Improve G1 performance on large machines by implementing NUMA-aware memory allocation.
- It is not a goal to implement NUMA support collectors other than G1.
- It is not a goal to support operating systems other than Linux.
- It is not a goal to make other parts of G1 NUMA-aware, such as task queue stealing, remembered sets, or refinement.
Modern multi-socket machines increasingly have non-uniform memory access (NUMA), that is, memory is not equidistant from every socket or core. Memory accesses between sockets have different performance characteristics, with access to more-distant sockets typically having more latency.
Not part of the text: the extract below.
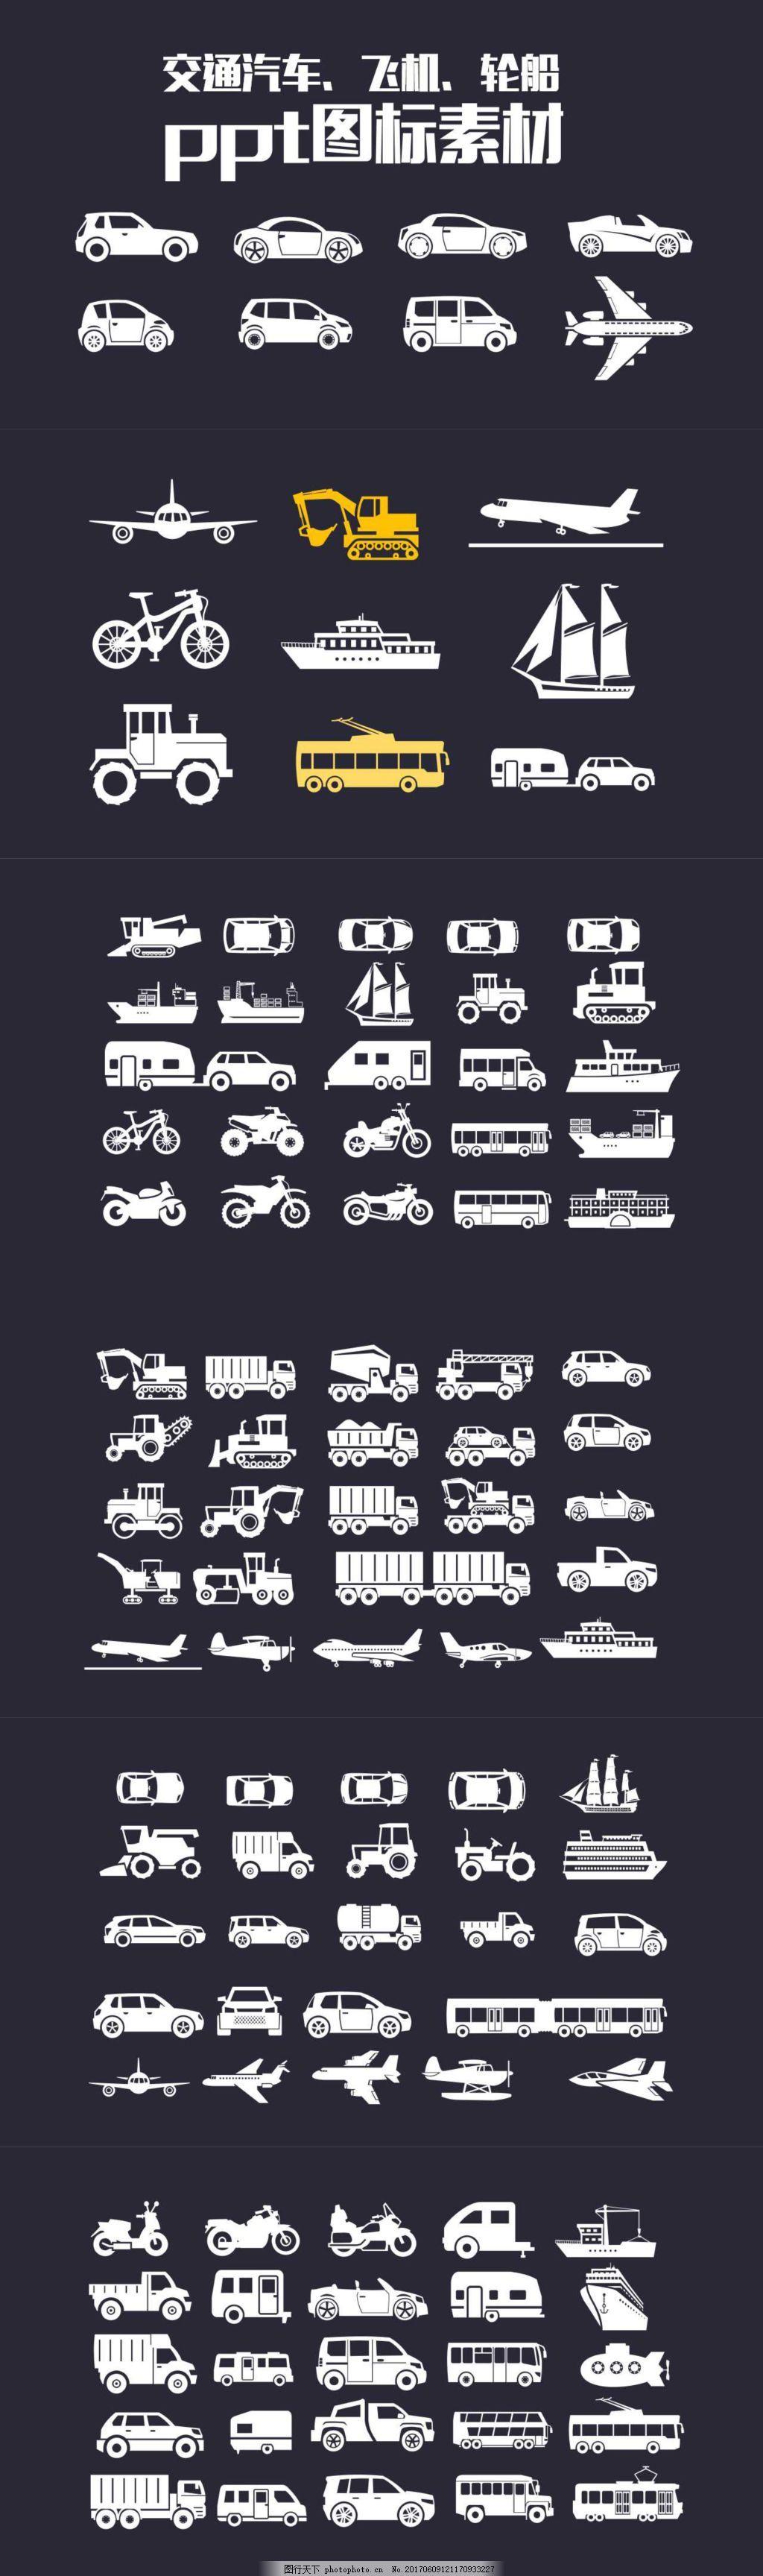 交通工具ppt图标素材 轮船素材 交通素材 飞机素材 汽车图材

The parallel collector, enabled by by `-XX:+UseParallelGC`, has been NUMA-aware for many years. This has helped to improve the performance of configurations that run a single JVM across multiple sockets. Other HotSpot collectors have not had the benefit of this feature, which means they have not been able to take advantage of such vertical multi-socket NUMA scaling. Large enterprise applications in particular tend run with large heap configurations on multiple sockets, yet they want the manageability advantage of running within a single JVM. Users who use the G1 collector are increasingly running up against this scaling bottleneck.
G1's heap is organized as a collection of fixed-size regions. A region is typically a set of physical pages, although when using large pages (via `-XX:+UseLargePages`) several regions may make up a single physical page.
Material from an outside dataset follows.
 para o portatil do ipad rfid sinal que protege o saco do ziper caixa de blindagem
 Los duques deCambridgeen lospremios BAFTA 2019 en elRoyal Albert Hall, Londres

If the `+XX:+UseNUMA` option is specified then, when the JVM is initialized, the regions will be evenly spread across the total number of available NUMA nodes.
Fixing the NUMA node of each region at the beginning is a bit inflexible, but this can be mitigated by the following enhancements. In order to allocate a new object for a mutator thread, G1 may need to allocate a new region. It will do so by preferentially selecting a free region from the NUMA node to which the current thread is bound, so that the object will be kept on the same NUMA node in the young generation. If there is no free region on the same NUMA node during region allocation for a mutator then G1 will trigger a garbage collection. An alternative idea to be evaluated is to search other NUMA nodes for free regions in order of distance, starting with the closest NUMA node.
We will not attempt to keep objects on the same NUMA node in the old generation.
Humongous regions are excluded from in this allocation policy. We will do nothing special for these regions.
Existing tests with the option `-XX:+UseNUMA` should flush out any correctness issues. We assume the use of NUMA hardware for testing.
There should be no performance difference to the original code when NUMA-aware allocation is turned off.
Risks and Assumptions
We assume that most short-lived objects are often accessed by the thread that allocated them. This is certainly true for majority of short-lived objects in most object-oriented programs. However, there are some programs where this assumption does not quite hold, so there may be performance regressions in some cases. In addition, the benefits also depend on the interplay of the extent of NUMA-ness of the underlying system and the frequency of threads being migrated between NUMA nodes on such systems, especially when load is high.